LINCOLN — It's time for a Nebraska basketball player to get the same love Husker fans show other favorites who excel on both sides of the hyphen in “student-athlete.”
Rise and cheer sometime soon for senior forward Brandon Ubel. He's a poor man's Rex Burkhead.
While Burkhead rightly gets heavy attention for boosting the image of NU football with his grace, class, smarts and performance, Ubel has done much the same, only in obscurity.
But his head coach has noticed.
“Brandon is a dream come true to coach,” Tim Miles said. “He's a great kid, a model citizen and a heck of a player.”
Those in the award-winning College of Journalism and Mass Communications have noticed.
“He's one of the favorites among the folks in our college,” said Rick Alloway, associate professor of broadcasting. “He's been a great young man to get to know.”
Most important, Ubel's teammates are well aware of his contributions.
“Rex is exactly who Brandon is like,” junior guard Ray Gallegos said. “Everybody on campus knows Brandon. He's this big friendly guy and a good person to know because he's real smart and he'll help anybody.”
Ubel is hard to miss going across campus at 6-foot-10 with blazing red hair. His smile-and-look-you-in-eye style has earned him mayoral-like status.
Yet he would have ample reason to mope, considering his circumstance.
In basketball, Nebraska is enveloped in a dozen years of darkness, marked by modest results, record attendance lows and no NCAA tournament bids.
Despite some recent changes in facilities, the impact of this institution's long-term acceptance of mediocrity will linger. Ask those trying to recruit around the empty trophy cases. Or check with the in-state prospects who look first to go elsewhere.
Ubel's challenge to stay on task has been complicated by the inexplicable beating he has taken on message boards since his arrival. He isn't LeBron James, and he never said he was.
Yet verbal vandals have hacked at Ubel since his freshman year, somehow ignoring that he played immediately instead of redshirting; he often played out of position due to injuries or recruiting failures; and his statistics suffered because he was overloaded with on-the-floor grunt work to make his team better.
Oh, and did anyone recall that Ubel has carried out orders from two head coaches and 11 assistants in 3Ĺ years?
After all that, he's lucky he can see straight.
Yet Ubel has stayed focused well enough to make academic all-conference in the Big 12 and the Big Ten, and get named to the first team of the Big Ten Network's all-improved team last week. His scoring (13) and rebound (seven) averages have nearly doubled.
Through it all, he holds no bitterness.
“I wouldn't trade any of this for the world,” Ubel said. “I've loved it here, even through all the ups and downs on the court. I love Nebraska.”
That love affair started when the Overland Park, Kan., native — now just one elective shy of graduation — first visited campus.
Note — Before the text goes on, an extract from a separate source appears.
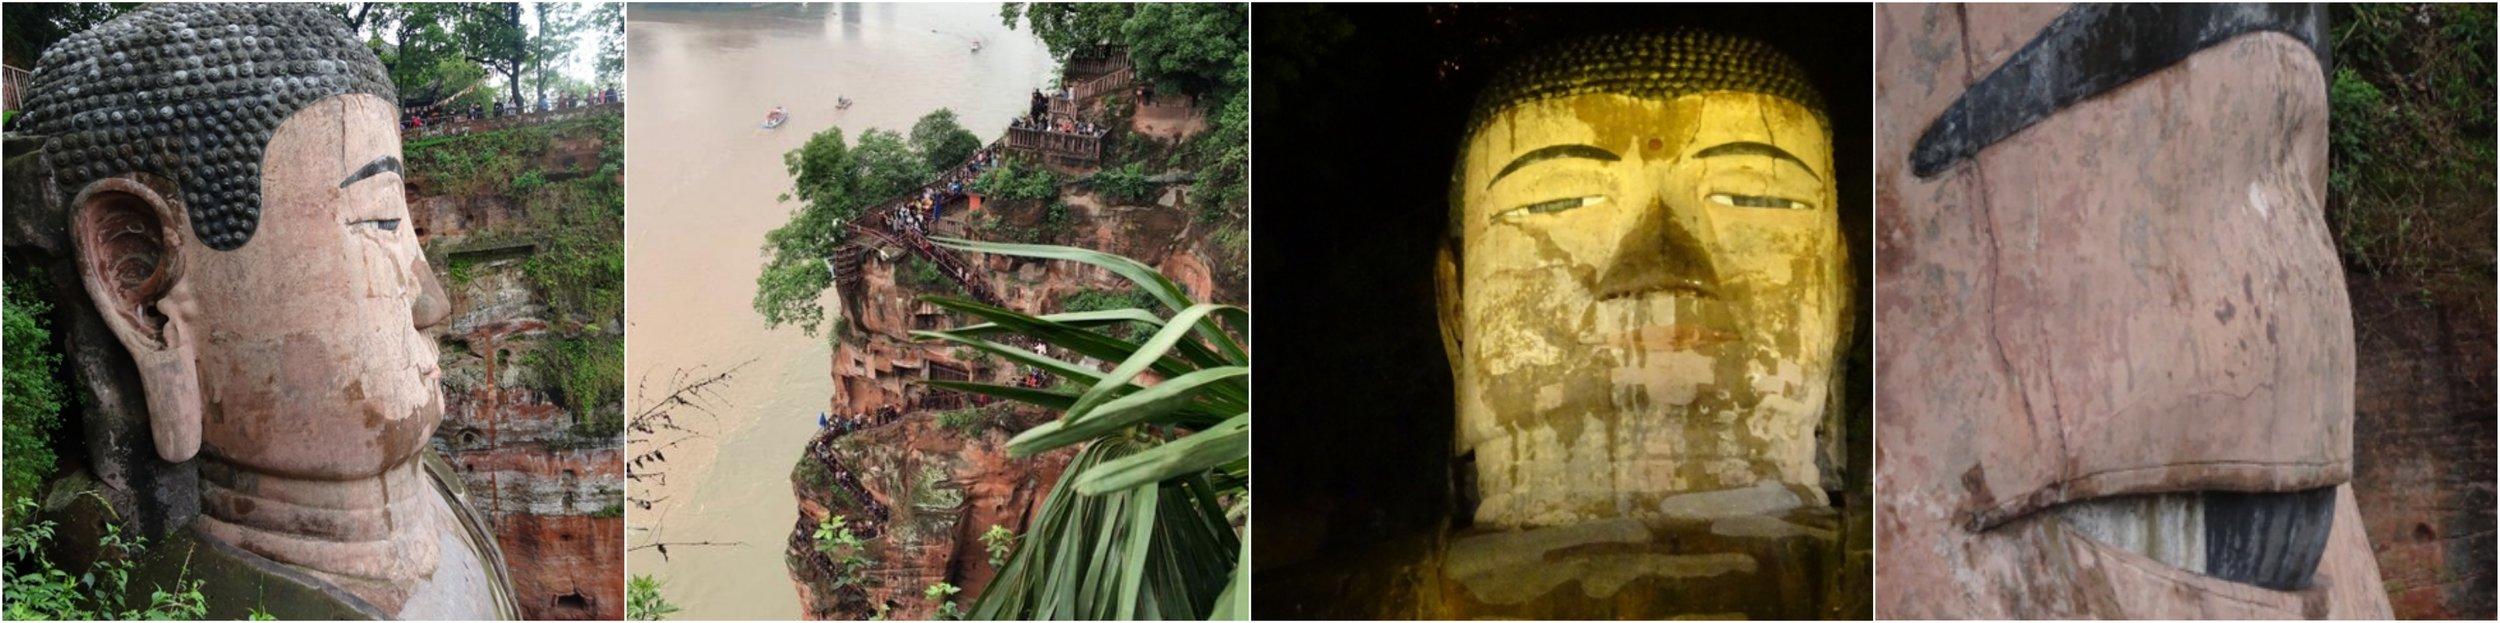 Grand Buddha.jpg

His older sister already was an NU track athlete, but Ubel wasn't a lock to follow. He had late interest from Stanford, Cal and Marquette, and offers from Wichita State, Drake and Utah State besides Nebraska.
“When I came here for my visit,” Ubel said, “it was one of those deals where you get that feeling that it's the right place for you.
“I can't name just one thing. Sure, the facilities and the academic center catch your attention. But seeing the fans and meeting the people, I fell for the place.”
With just three months to go in his last season, it's time for the fan base to love him back.
Ubel, like past unsung Husker basketballers in the dark period such as Jake Muhleisen, Jason Dourisseau and Lance Jeter, has shown a servant's heart and a leader's mind in setting examples and caring for teammates.
“If there is anything I can do or say to help, that's what I want,” Ubel said. “And that's whether it helps them now or a year from now or three years from now.”
Gallegos isn't sure where he would be in life if Ubel hadn't talked him out of transferring back to Salt Lake City three years ago.
“When I was down, we'd play pickup for so long that we would miss our meals and have to walk for fast food,” Gallegos said. “He invited me to his family's place. He does that for other people, too. He's just an all-around nice guy.”
Ubel's good works and do-it-right motto are evident in his journalism classes, too.
“I've seen him in the building early in the morning after a late-night game, jumping in ready to go to work,” Alloway said. “He is the last person who would ever ask for any special treatment.”
Miles, in his first season, has leaned heavily on Ubel.
“I need his voice,” the coach said. “He's somebody who will provide leadership on the team and reach out through the community and across the state.”
When Nebraska needed a player representative at its first two trips to Big Ten media days, who did it? Ubel.
When NU's Student-Athlete Advisory Council needed to fill an opening, who did it? Ubel.
When the Husker Athletics Fund needed a speaker after a recent ceremony at Pinnacle Bank Arena, who did it? Ubel.
There is no more of a stand-up guy for Nebraska than Ubel. Now it's time for Nebraskans to stand up for him before he says goodbye.